Once a bidder submits a bid that *meets or exceeds *the reserve amount the current bid amount will automatically go the set reserve amount.


----------



## bikewhorder (Jul 20, 2013)

GTs58 said:


> Once a bidder submits a bid that *meets or exceeds *the reserve amount the current bid amount will automatically go the set reserve amount.




Wow, I've been a registered Ebay member since '99 and I never knew that! I never really understood why someone would list an item with a secret reserve rather than just start the bidding for what they want to get for it but it makes a little more sense now.  I almost never bid on items with a reserve.


----------



## GTs58 (Jul 20, 2013)

I only use a reserve when I have a Buy It Now option. This keeps the BIN option available until the actual reserve has been hit. If a seller wants a specific amount for his item and it may be overpriced, having a reserve and bidders will sometimes show the seller what the public is willing to pay for the item, if the bidding never reaches the reserve.  






bikewhorder said:


> Wow, I've been a registered Ebay member since '99 and I never knew that! I never really understood why someone would list an item with a secret reserve rather than just start the bidding for what they want to get for it but it makes a little more sense now.  I almost never bid on items with a reserve.


----------



## catfish (Jul 20, 2013)

Looks like shil bids... Or someone who wants to spend way too much $$$$


----------



## GTs58 (Jul 20, 2013)

catfish said:


> Looks like shil bids... Or someone who wants to spend way too much $$$$




I agree with your first thought.
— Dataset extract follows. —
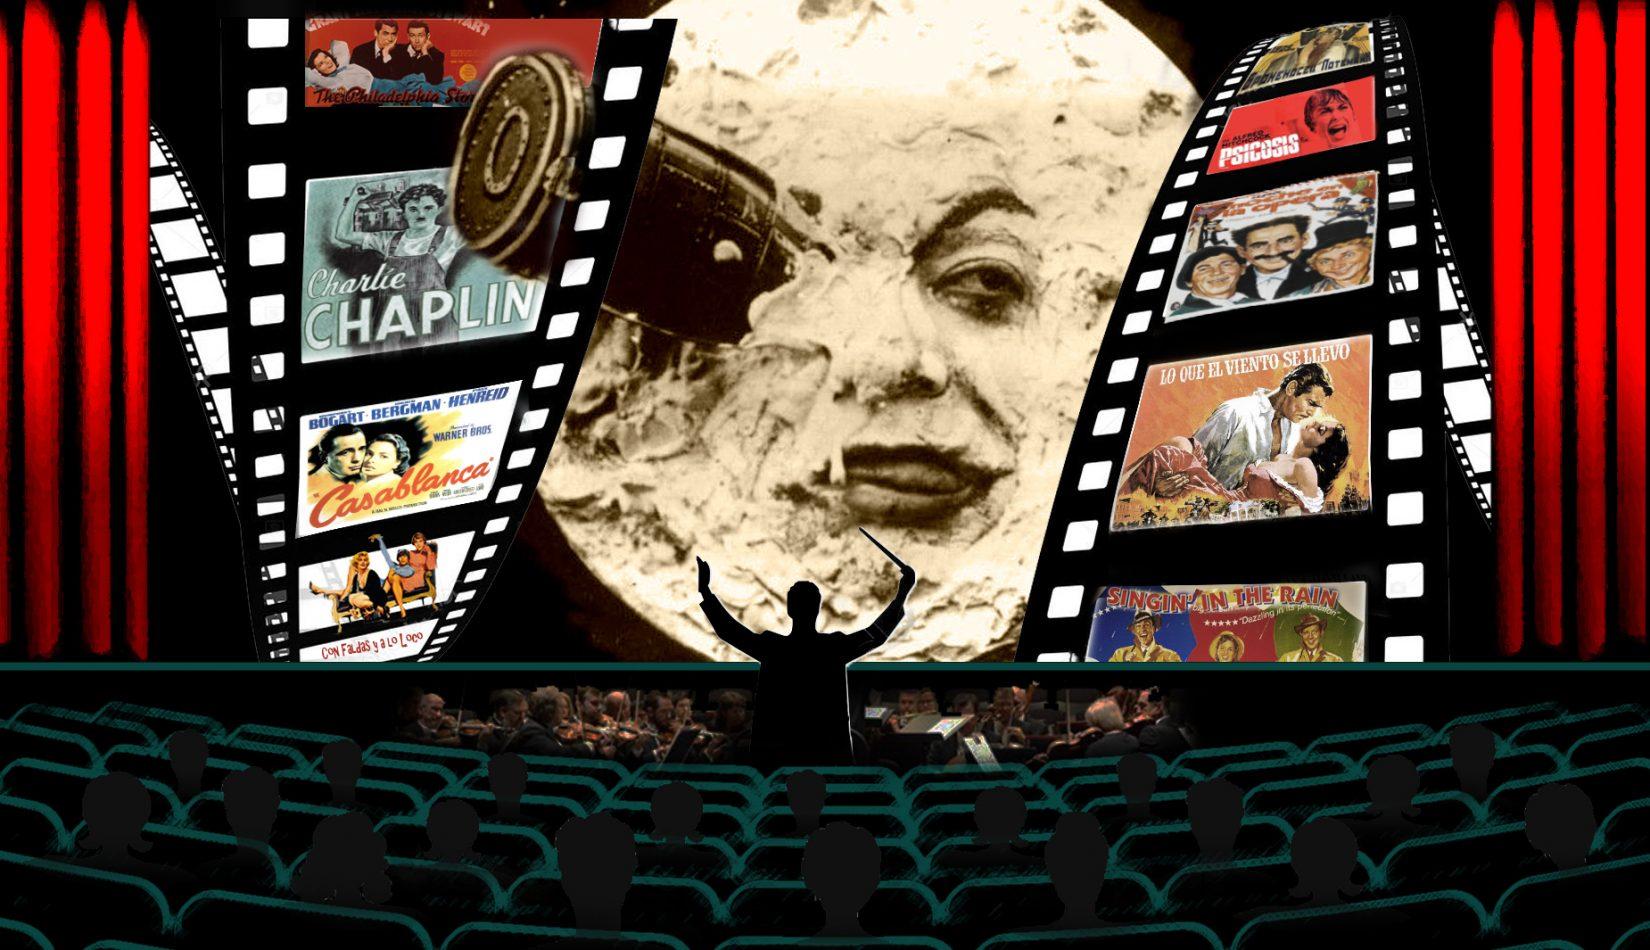 Sala de cine con orquesta. Imagen Viaje a la Luna de Georges Melies y cinta con diversos carteles de películas antiguas. Loco Mundo Arte y Bohemia

Evabell2012 has two feedbacks and is very active in this sellers auctions. Looks like a family game going on here. 

http://feedback.ebay.com/ws/eBayISA...sspagename=VIP:feedback&ftab=FeedbackAsSeller


----------



## Rustafari (Jul 20, 2013)

GTs58 said:


> Something definitely screwy with the bidder. His first bid was $.99 and his next bid hit the reserve so he bid was right on or higher than $1000. Looks like someone is playing games here.




I think the first bid was probably $995 but since the auction started at $.99, the current bid only showed as $.99 after the first bid.  Then the second bid was something higher than $995, taking the current bid immediately to EXACTLY $1000 ($995 + $5 increment).  Almost like the person that placed those two bids knew exactly what they wanted the current price to be after the second bid.  Hmmmm...


----------